◆ Exercise requirements
Your answer should consist of every line from the records that holds the string "White".

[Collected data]
####################
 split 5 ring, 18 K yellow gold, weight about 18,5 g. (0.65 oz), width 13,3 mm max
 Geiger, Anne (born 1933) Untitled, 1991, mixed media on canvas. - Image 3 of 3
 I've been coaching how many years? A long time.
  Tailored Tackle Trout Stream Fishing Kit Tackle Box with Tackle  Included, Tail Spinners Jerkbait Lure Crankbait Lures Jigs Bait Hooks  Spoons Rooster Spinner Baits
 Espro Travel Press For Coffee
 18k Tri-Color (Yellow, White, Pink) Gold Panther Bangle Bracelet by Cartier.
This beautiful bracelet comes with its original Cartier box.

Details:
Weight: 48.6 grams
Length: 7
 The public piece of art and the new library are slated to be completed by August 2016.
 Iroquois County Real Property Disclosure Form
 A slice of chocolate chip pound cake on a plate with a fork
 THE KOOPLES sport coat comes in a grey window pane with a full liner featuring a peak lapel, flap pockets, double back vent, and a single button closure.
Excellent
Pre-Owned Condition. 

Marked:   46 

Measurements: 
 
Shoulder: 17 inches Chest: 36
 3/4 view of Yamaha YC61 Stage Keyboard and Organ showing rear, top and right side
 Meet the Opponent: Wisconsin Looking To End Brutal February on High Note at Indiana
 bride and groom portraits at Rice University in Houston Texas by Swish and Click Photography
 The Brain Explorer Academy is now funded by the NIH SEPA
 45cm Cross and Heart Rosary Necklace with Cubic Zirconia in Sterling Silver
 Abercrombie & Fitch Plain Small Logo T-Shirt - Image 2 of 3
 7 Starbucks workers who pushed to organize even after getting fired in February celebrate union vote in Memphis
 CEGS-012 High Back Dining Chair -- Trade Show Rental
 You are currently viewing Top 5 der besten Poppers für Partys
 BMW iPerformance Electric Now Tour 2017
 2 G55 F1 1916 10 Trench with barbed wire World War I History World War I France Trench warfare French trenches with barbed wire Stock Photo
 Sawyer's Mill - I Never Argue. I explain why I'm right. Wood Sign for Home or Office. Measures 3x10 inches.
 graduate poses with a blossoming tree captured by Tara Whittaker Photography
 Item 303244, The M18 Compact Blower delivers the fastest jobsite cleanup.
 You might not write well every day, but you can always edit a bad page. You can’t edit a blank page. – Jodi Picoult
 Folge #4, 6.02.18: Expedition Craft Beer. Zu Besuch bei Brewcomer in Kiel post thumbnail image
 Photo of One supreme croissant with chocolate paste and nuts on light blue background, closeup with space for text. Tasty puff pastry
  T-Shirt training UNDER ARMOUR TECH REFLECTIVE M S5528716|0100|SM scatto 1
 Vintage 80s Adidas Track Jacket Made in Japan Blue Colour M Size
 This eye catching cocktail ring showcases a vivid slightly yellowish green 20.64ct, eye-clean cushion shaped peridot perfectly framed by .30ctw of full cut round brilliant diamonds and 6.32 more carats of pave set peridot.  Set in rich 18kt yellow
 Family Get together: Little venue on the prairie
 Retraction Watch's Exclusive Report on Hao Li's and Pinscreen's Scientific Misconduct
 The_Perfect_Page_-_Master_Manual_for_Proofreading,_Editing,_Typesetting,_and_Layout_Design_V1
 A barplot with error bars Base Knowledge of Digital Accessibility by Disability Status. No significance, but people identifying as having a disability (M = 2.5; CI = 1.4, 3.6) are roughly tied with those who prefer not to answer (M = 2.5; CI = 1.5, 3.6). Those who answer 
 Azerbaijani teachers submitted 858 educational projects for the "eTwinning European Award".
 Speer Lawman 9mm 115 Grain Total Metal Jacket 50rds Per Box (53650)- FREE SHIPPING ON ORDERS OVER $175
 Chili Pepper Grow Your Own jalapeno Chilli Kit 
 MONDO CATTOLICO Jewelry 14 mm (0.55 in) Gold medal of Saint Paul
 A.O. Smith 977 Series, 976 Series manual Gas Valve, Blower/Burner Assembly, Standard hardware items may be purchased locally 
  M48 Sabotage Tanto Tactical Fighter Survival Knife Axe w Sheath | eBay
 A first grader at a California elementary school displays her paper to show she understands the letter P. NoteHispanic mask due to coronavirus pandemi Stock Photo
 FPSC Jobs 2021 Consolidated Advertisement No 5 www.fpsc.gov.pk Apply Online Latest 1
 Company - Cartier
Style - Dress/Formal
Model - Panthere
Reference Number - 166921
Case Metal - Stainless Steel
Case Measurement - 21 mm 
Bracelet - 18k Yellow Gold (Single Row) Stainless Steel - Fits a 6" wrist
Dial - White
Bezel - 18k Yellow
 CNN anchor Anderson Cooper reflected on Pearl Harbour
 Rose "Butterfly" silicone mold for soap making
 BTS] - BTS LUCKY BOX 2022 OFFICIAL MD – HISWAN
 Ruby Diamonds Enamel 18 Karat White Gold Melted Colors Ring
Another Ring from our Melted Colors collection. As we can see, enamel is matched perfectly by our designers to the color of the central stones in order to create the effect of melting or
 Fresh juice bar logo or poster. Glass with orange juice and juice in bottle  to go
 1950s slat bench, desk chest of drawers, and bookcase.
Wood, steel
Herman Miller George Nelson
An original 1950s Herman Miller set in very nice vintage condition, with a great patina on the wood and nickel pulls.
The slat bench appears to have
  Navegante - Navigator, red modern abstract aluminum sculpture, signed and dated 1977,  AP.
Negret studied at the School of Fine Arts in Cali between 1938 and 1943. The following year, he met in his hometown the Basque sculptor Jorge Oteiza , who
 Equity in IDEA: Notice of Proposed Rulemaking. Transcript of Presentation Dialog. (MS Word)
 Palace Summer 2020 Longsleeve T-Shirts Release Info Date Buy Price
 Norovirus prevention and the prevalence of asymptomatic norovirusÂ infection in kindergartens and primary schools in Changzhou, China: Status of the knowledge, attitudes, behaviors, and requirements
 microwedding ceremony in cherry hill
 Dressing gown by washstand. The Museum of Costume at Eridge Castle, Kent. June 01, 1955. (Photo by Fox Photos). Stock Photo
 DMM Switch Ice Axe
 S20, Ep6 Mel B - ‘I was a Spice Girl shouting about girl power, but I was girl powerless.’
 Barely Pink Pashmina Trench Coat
####################
◆ Output for this task
 18k Tri-Color (Yellow, White, Pink) Gold Panther Bangle Bracelet by Cartier.
Dial - White
 Ruby Diamonds Enamel 18 Karat White Gold Melted Colors Ring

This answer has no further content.